__Work to complete__
Quote the line containing "Qwikproducts™ Catalog" and all lines that follow it in the listing below, exactly as written.

*** Available records Section Begins ***

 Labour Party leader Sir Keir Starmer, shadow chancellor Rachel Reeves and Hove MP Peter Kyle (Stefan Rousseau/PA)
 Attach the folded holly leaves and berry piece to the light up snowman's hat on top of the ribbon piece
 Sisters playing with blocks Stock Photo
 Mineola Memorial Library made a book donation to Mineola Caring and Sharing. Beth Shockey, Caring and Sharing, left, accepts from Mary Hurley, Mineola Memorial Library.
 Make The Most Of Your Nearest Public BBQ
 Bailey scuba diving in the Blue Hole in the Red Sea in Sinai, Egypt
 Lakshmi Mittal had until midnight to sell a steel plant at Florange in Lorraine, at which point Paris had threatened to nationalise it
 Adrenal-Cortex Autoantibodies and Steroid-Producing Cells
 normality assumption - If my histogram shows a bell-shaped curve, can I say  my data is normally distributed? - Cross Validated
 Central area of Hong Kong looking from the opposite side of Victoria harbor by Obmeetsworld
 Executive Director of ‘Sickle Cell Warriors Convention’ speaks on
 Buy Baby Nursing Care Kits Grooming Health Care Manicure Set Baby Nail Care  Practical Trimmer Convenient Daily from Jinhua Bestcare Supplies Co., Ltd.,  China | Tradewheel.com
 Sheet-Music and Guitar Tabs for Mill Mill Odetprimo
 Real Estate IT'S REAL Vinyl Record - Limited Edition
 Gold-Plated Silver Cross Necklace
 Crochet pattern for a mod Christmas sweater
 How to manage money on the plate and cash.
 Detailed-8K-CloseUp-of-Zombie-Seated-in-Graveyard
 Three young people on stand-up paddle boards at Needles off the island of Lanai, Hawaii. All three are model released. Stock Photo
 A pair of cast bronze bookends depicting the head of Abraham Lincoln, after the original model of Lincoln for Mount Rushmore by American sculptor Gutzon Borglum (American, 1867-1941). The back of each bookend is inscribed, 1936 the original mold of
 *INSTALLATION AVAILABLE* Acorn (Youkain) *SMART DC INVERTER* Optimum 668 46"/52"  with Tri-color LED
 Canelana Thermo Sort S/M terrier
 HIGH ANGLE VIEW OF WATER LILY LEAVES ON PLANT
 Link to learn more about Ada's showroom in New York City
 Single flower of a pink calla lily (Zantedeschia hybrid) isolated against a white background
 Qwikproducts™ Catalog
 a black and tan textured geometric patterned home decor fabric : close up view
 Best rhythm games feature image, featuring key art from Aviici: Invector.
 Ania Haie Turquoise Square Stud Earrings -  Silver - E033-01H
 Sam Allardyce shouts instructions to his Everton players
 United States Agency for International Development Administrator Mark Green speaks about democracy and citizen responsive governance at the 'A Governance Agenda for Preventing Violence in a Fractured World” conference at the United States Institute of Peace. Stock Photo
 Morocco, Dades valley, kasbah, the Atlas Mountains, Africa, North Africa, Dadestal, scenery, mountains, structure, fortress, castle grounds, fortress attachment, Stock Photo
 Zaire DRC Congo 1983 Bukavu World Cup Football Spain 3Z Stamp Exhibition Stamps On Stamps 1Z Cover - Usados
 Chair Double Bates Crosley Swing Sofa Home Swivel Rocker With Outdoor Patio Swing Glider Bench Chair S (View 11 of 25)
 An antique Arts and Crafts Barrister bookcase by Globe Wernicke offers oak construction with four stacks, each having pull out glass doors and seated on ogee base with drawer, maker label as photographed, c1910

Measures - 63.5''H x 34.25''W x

*** Available records Section Ends ***

__Answer area__
 Qwikproducts™ Catalog
 a black and tan textured geometric patterned home decor fabric : close up view
 Best rhythm games feature image, featuring key art from Aviici: Invector.
 Ania Haie Turquoise Square Stud Earrings -  Silver - E033-01H
 Sam Allardyce shouts instructions to his Everton players
 United States Agency for International Development Administrator Mark Green speaks about democracy and citizen responsive governance at the 'A Governance Agenda for Preventing Violence in a Fractured World” conference at the United States Institute of Peace. Stock Photo
 Morocco, Dades valley, kasbah, the Atlas Mountains, Africa, North Africa, Dadestal, scenery, mountains, structure, fortress, castle grounds, fortress attachment, Stock Photo
 Zaire DRC Congo 1983 Bukavu World Cup Football Spain 3Z Stamp Exhibition Stamps On Stamps 1Z Cover - Usados
 Chair Double Bates Crosley Swing Sofa Home Swivel Rocker With Outdoor Patio Swing Glider Bench Chair S (View 11 of 25)
 An antique Arts and Crafts Barrister bookcase by Globe Wernicke offers oak construction with four stacks, each having pull out glass doors and seated on ogee base with drawer, maker label as photographed, c1910

Measures - 63.5''H x 34.25''W x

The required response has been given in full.